Going back to the increasingly flatter curve, this is what Kocic defines as the "maneuvering space" left for the Fed. One look at the chart above confirms that said space is getting increasingly smaller. A flat, or worse - inverted - yield curve would imply game over. Here is Kocic again, who points out that the steepness of the curve is the "market's playground", in which "everything that can happen, has to happen inside this space"... a space which is curently a paltry 60 bps and shrinking every day:
The gap between the Short term rate expectations and the Long rate represents the remaining maneuvering space that the Fed has left. This gap defines the playground for the markets -- everything that can happen, has to happen inside that space. This gap is narrow, currently at 60bp .

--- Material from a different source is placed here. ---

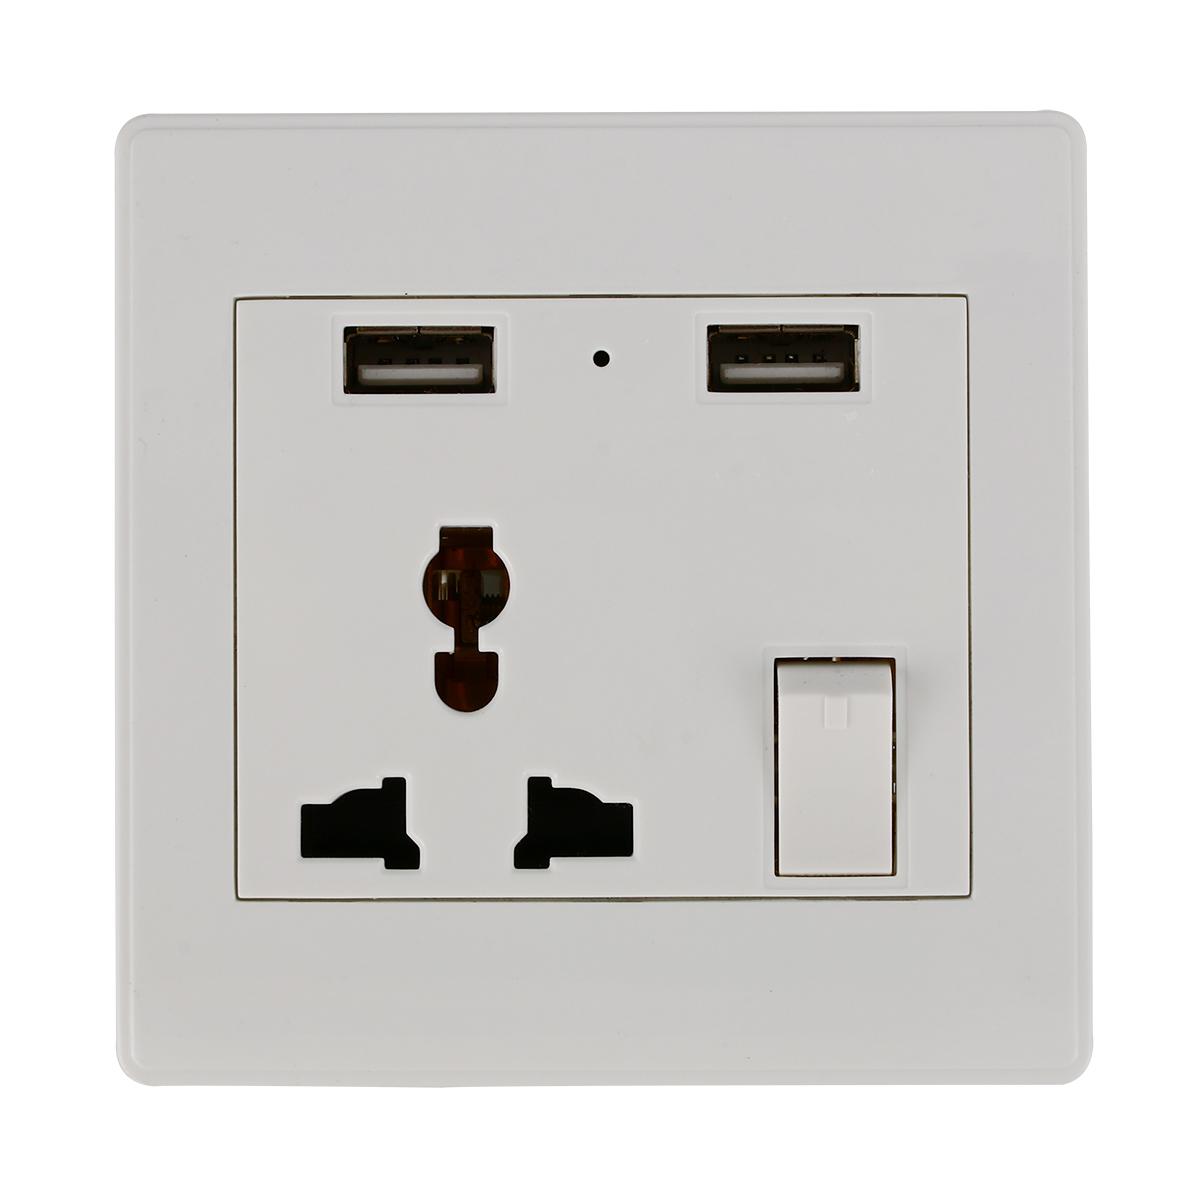 Wall Socket Dual 2 USB Plug Switch Power Supply Plate Universal 2100mA Charger BI122(China (Mainland))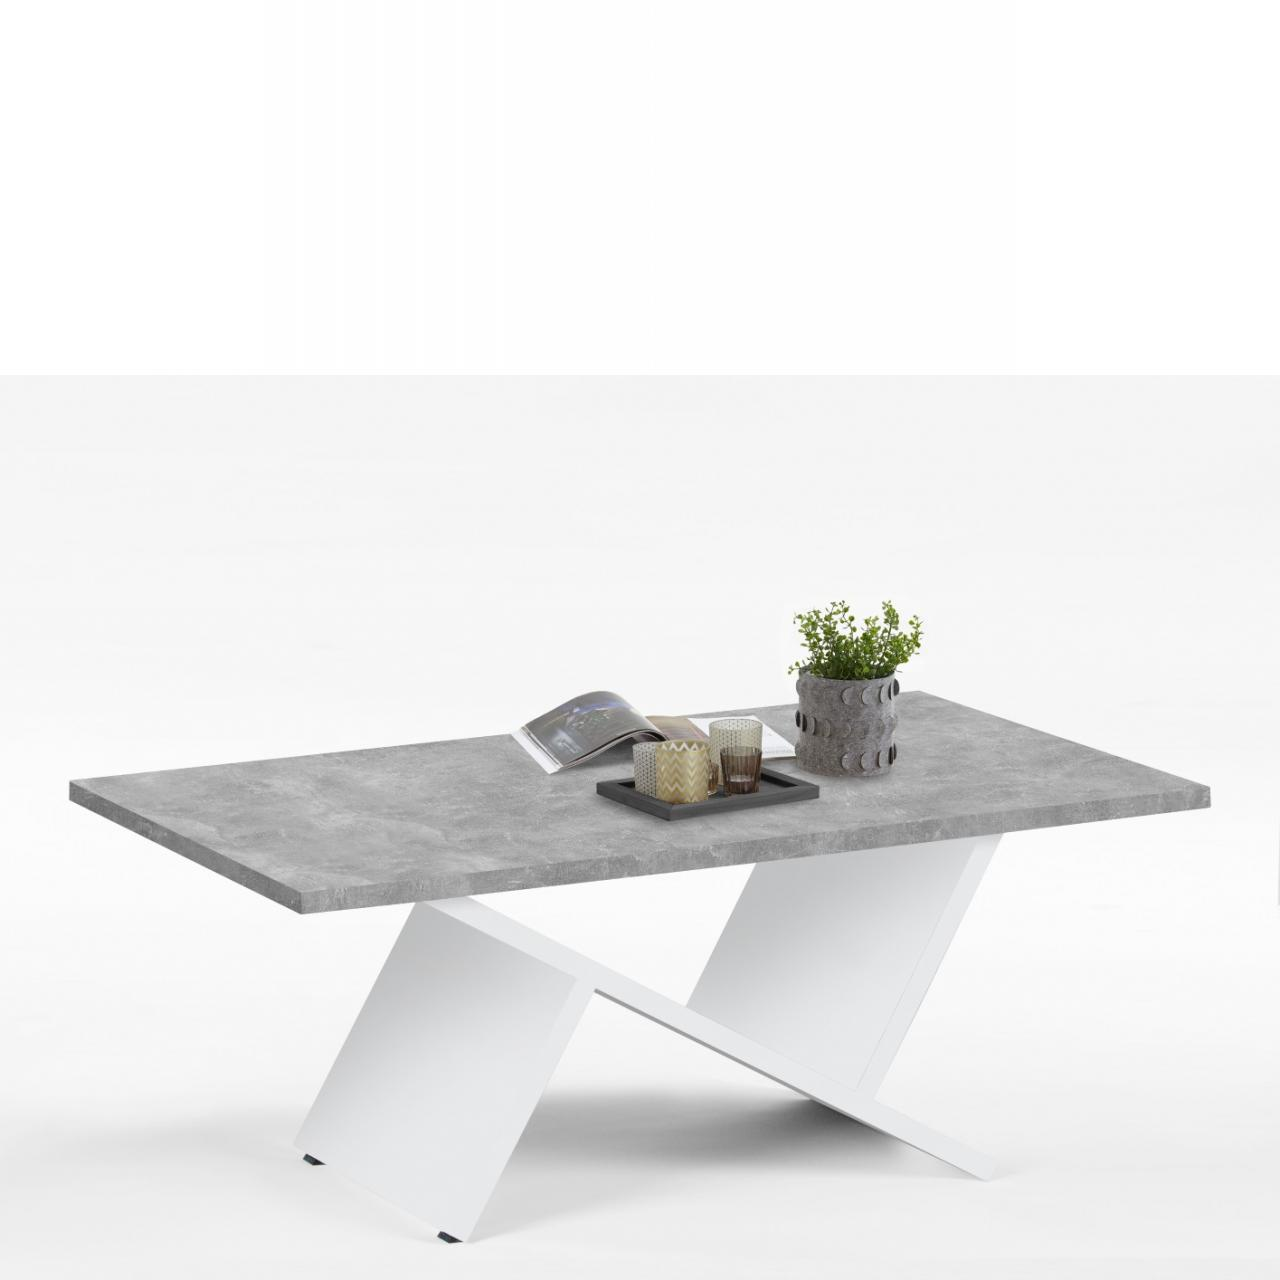 Couchtisch - Kall - weiss/beton

Mechanistically, this is logical, as the longer the current business cycle continues without a recession - and some immaculate increase in productivity and r-star - the flatter the curve become:
If the Fed has a long way to go into the cycle, the back end remains steep. However, as the hikes approach the final destination (the Long rate), the curve will continue to flatten reflecting the declining inflation expectations. These are pure mechanics of the Fed cycle. These stylized facts are illustrated in the Figure 14.
This is also a problem, because all else equal, the Fed has at most two more rate hikes before it loses control. In the interim, it somehow has to reprice both risk premia and vol higher... but without crashing equities, forcing a new easing cycle, which may include not only more QE but also NIRP:
"Given where long rates are, Fed appears as overly hawkish – it has only two more hikes to go and, for volatility and risk premia to reprice higher, the gap has to widen. As is appears unlikely that the Fed will be cutting rates any time soon, the gap could widen only if the Long rates sell off."
And, as noted above, "for anything to happen, 5Y5Y sector has to move higher", however the $6.4 trillion question is whether this sell off in long rates will be violent or controlled. As Kocic concludes, "This is the catalyst for everything."